Nel modo più semplice che si possa
immaginare, un demo spedito per posta. Il nostro sound
ha fatto rizzare le antenne a Paolo Naselli ed è scaturito
un primo contatto che passo passo ci ha portato qui.
Abbiamo capito fin da subito che con Paolo avremmo lavorato
in un modo nuovo e più professionale quindi è stato
naturale che ci accasassimo con lui. Siamo molto soddisfatti
di come sta lavorando ed è un onore far parte di una
scuderia così ricca di buone band.
Ci sono piaciute particolarmente "Stock phrase",
"Sunday morning", "Keys from the bunch" e "Watershed".
Ci dite qualcosa su queste canzoni.
"Sunday Morning" fa parte di un primo "lotto" di canzoni
composte prima dell'arrivo di Edoardo, il secondo chitarrista,
è nata giocando con una accordatura aperta che nel riff
portante dà un particolare effetto avvolgente e malinconico.

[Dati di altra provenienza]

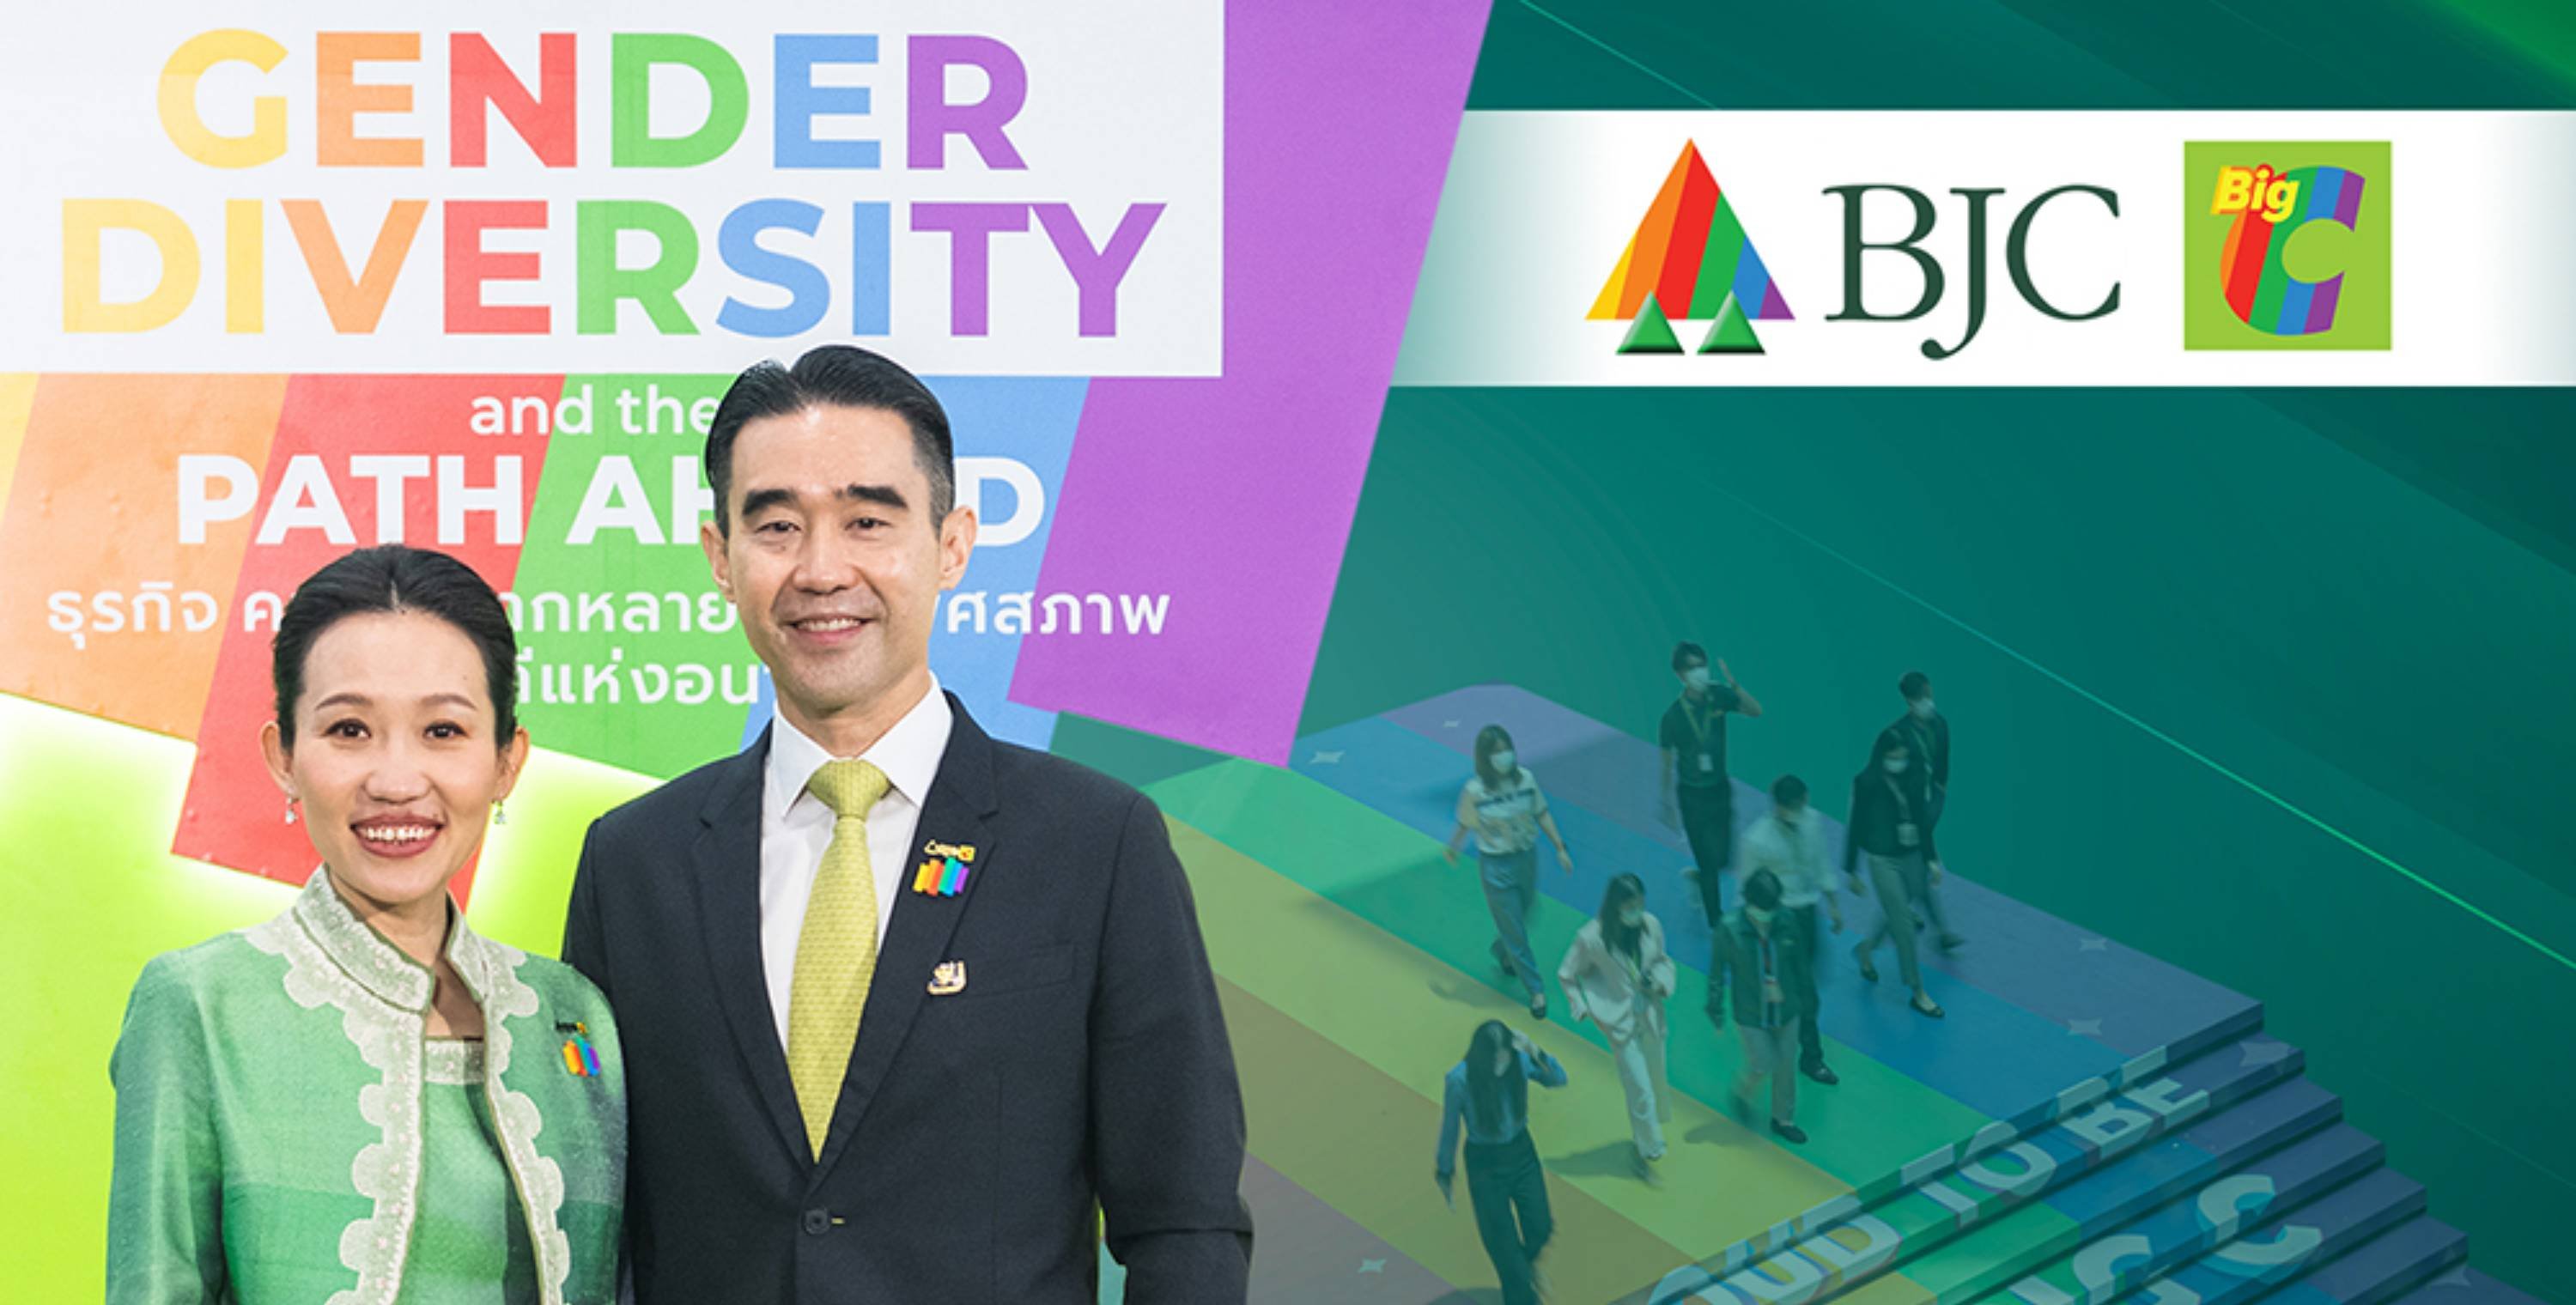 บีเจซี ขึ้นแท่นผู้นำของโลกและที่ 1 ของประเทศไทย  ในการสนับสนุนความเสมอภาคทางเพศ

Il pezzo è stato poi rifinito con Edoardo che ha dato
il tocco necessario per far sì che la canzone spiccasse
il volo.
"Stock Phrase" è forse uno dei pezzi più strambi che
mi sia capitato di comporre, nonostante sia legato alla
forma canzone le parti di chitarra sono molto intricate
e nonostante ciò ne scaturisce una irresistibile atmosfera
pop.
Anche "Watershed" nasce giocando con le accordature
della chitarra, questo pezzo ha il pregio di essere
nato nell'arco di due o tre prove senza particolari
sforzi, magia! Eravamo partiti con l'idea di dargli
un taglio più aggressivo poi durante le registrazioni
è scaturito questo mood inconsueto che ancora oggi ci
lascia increduli su come possa essere scaturito.

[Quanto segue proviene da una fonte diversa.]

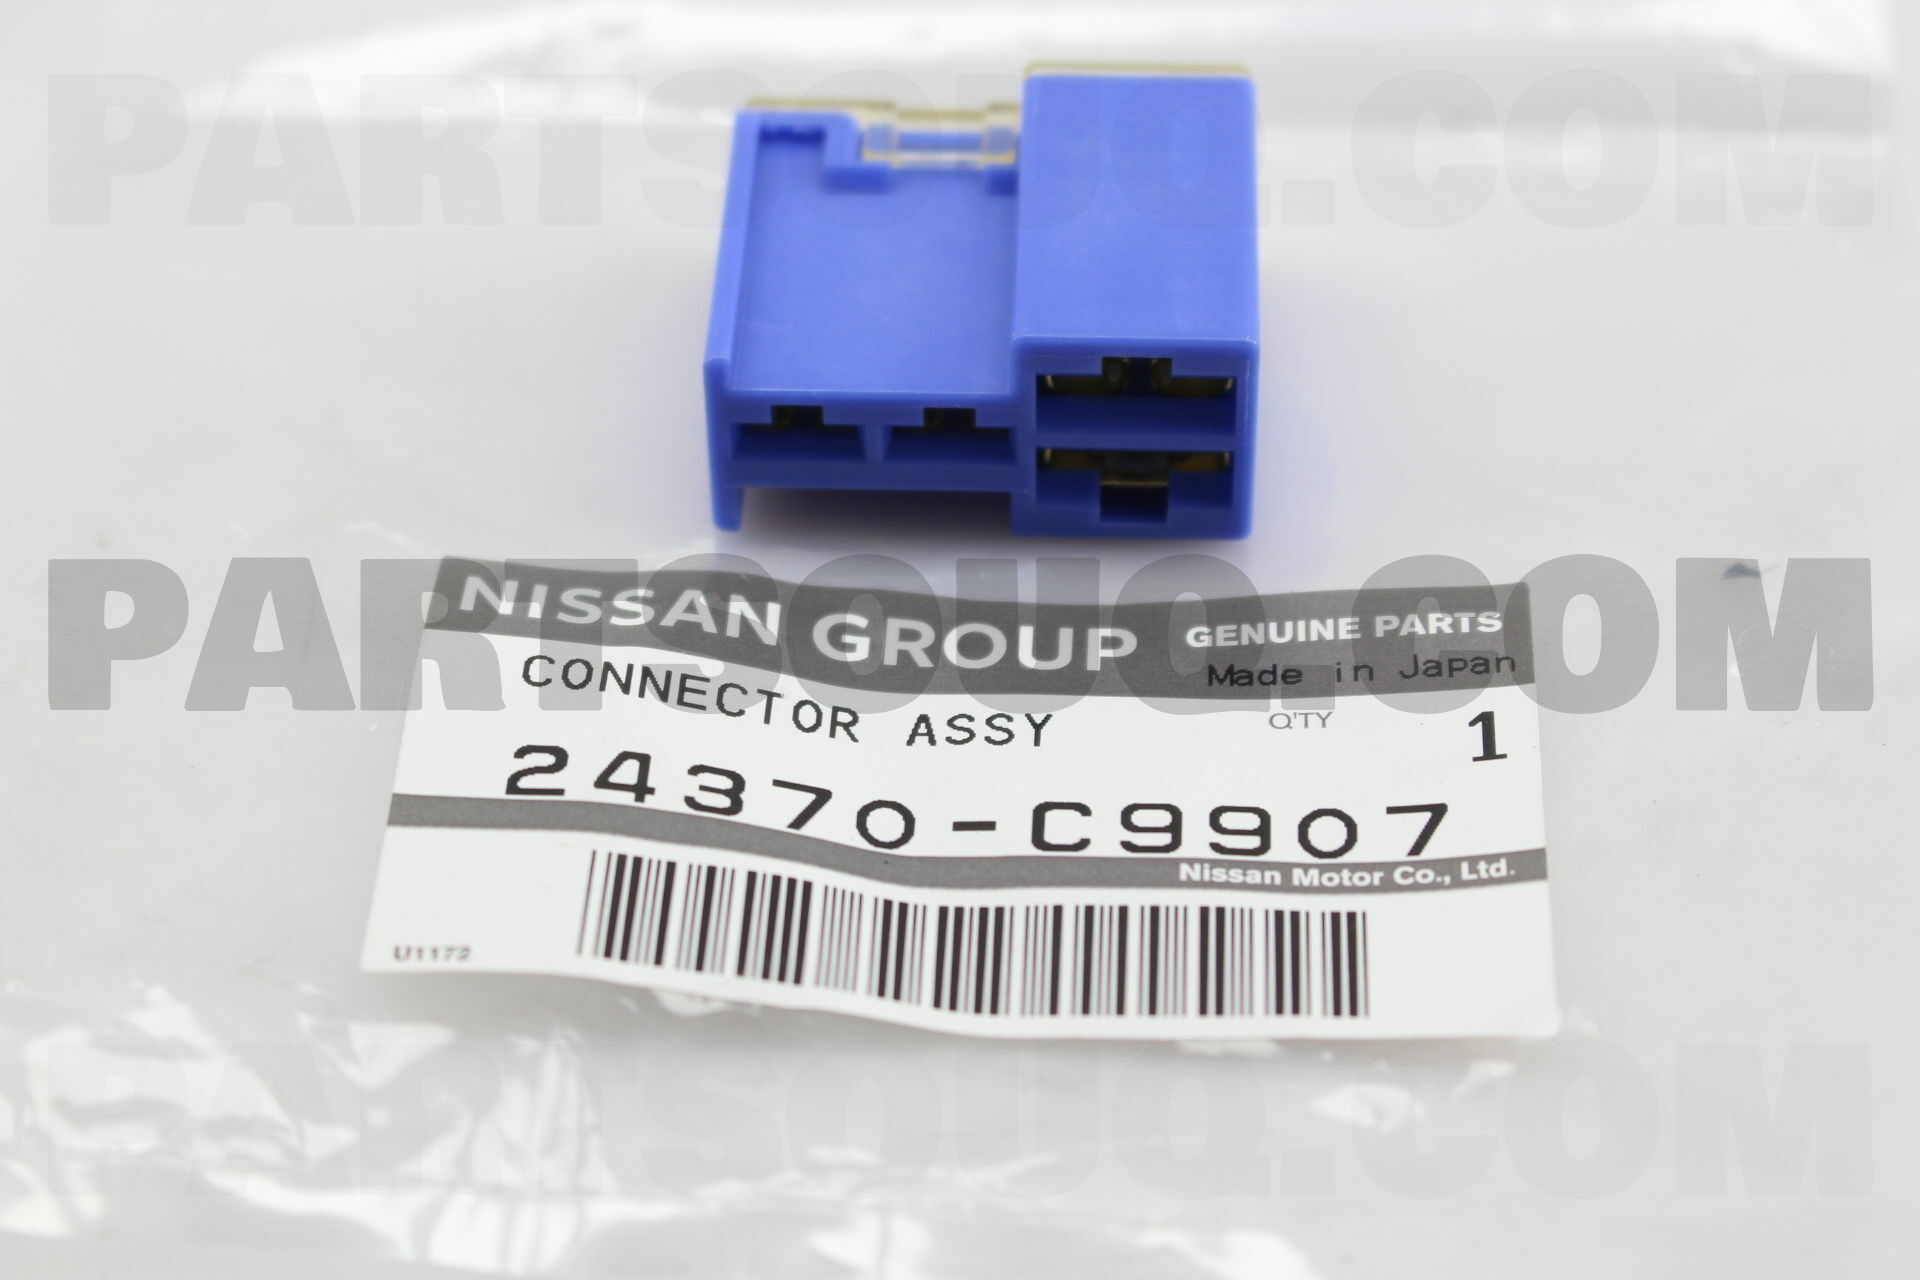 CONNECTOR ASSY-FUSIBLE LINK 24370C9907 | Nissan Parts | PartSouq
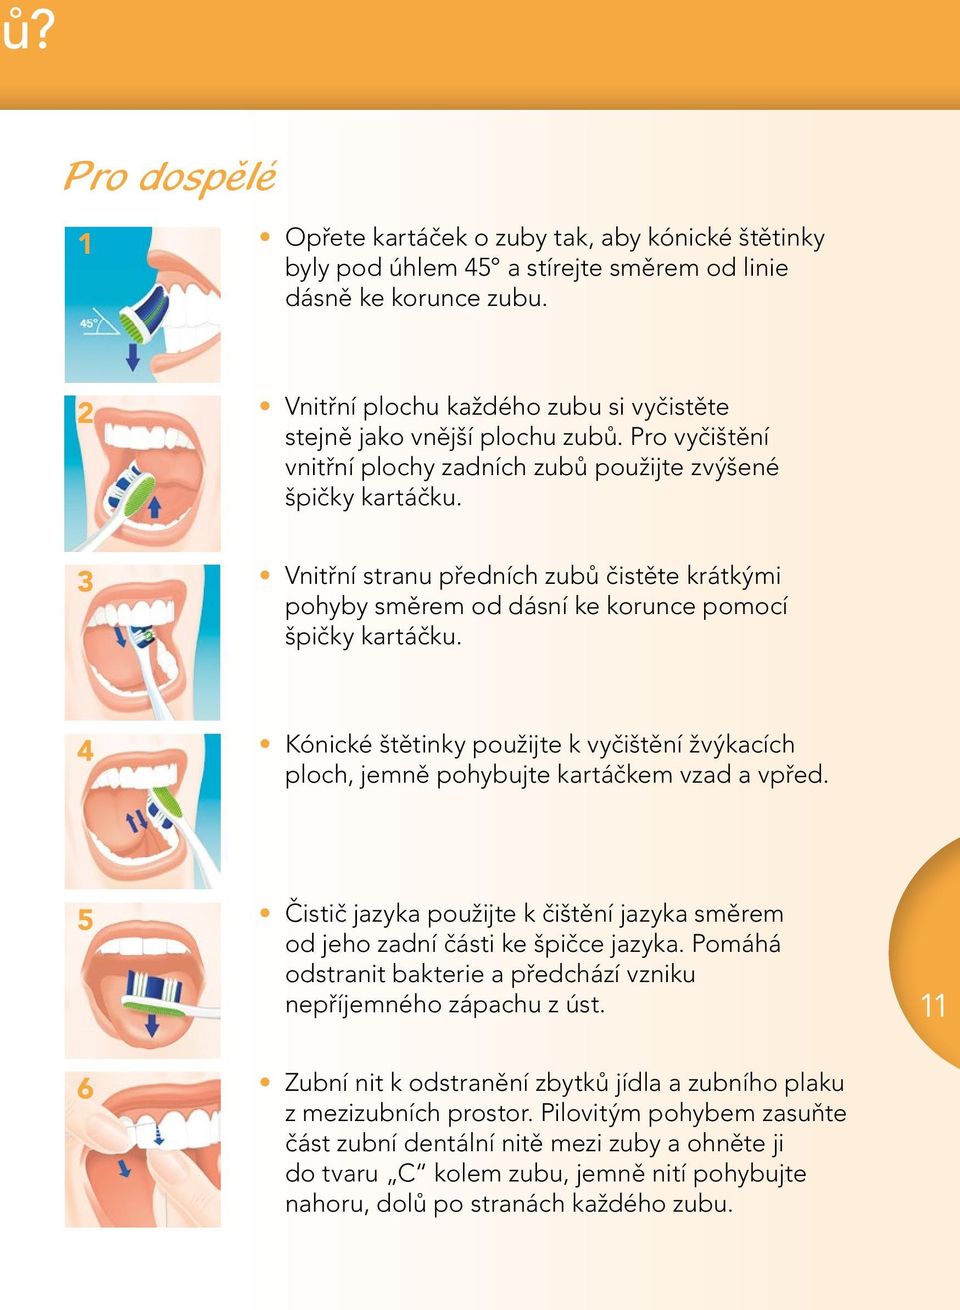 3 Vnitřní stranu předních zubů čistěte krátkými pohyby směrem od dásní ke korunce pomocí špičky kartáčku.

"Keys from the bunch" la tenevo nel cassetto da un paio
di anni, verso la fine delle registrazioni sono piombato
in studio con in testa l'arrangiamento e nell'arco di
poche ore abbiamo dato vita al pezzo, l'arrangiamento
sconclusionato, i suoni strani e l'attitudine la rendono
il pezzo più vicino alle atmosfere del nostro disco
precedente.
Quali gruppi italiani sentite più vicini alla vostra
musica?
Mi sento abbastanza vicino a GoodMorningBoy,
ho anche sentito in anteprima il nuovo bel disco degli
Ultraviolet Makes Me Sick che uscirà presto su Urtovox
ed alcune loro cose sono vicine alla nostra attitudine
sonora. Devo ammettere che non conoscevo molte band
italiane finché non mi sono affacciato in casa Urtovox,
ora l'interesse è molto più vivo e sono stimolato anche
dalla voglia di conoscere le persone coinvolte nella
scena.
Quali progetti avete adesso?
Stiamo già lavorando ad alcuni pezzi
nuovi che sicuramente presenteremo dal vivo. Paolo di
Urtovox si sta prodigando per procurarci concerti per
il prossimo anno, quindi contiamo di riuscire a promuovere
il cd in maniera adeguata come mai era successo in passato.
Aspettando di poter vederli dal
vivo, per ora ci godiamo il loro eccellente "AtomBombProofHeart".
» Link in giro per MusiKàl!:
Hogwash - AtomBombProofHeart
Pavement - la Kalporzgrafia
Good Morning Boy - Intervista
(29-10-2003)
Good Morning Boy - Concerto
a Live in Kalporz!
Good Morning Boy - Song=Epitaph:Outtakes
Good Morning Boy - Intervista
(29-5-2002)
Good Morning Boy - Good
Morning Boy
Intervista
a Paolo della Urtovox
(9 marzo 2004)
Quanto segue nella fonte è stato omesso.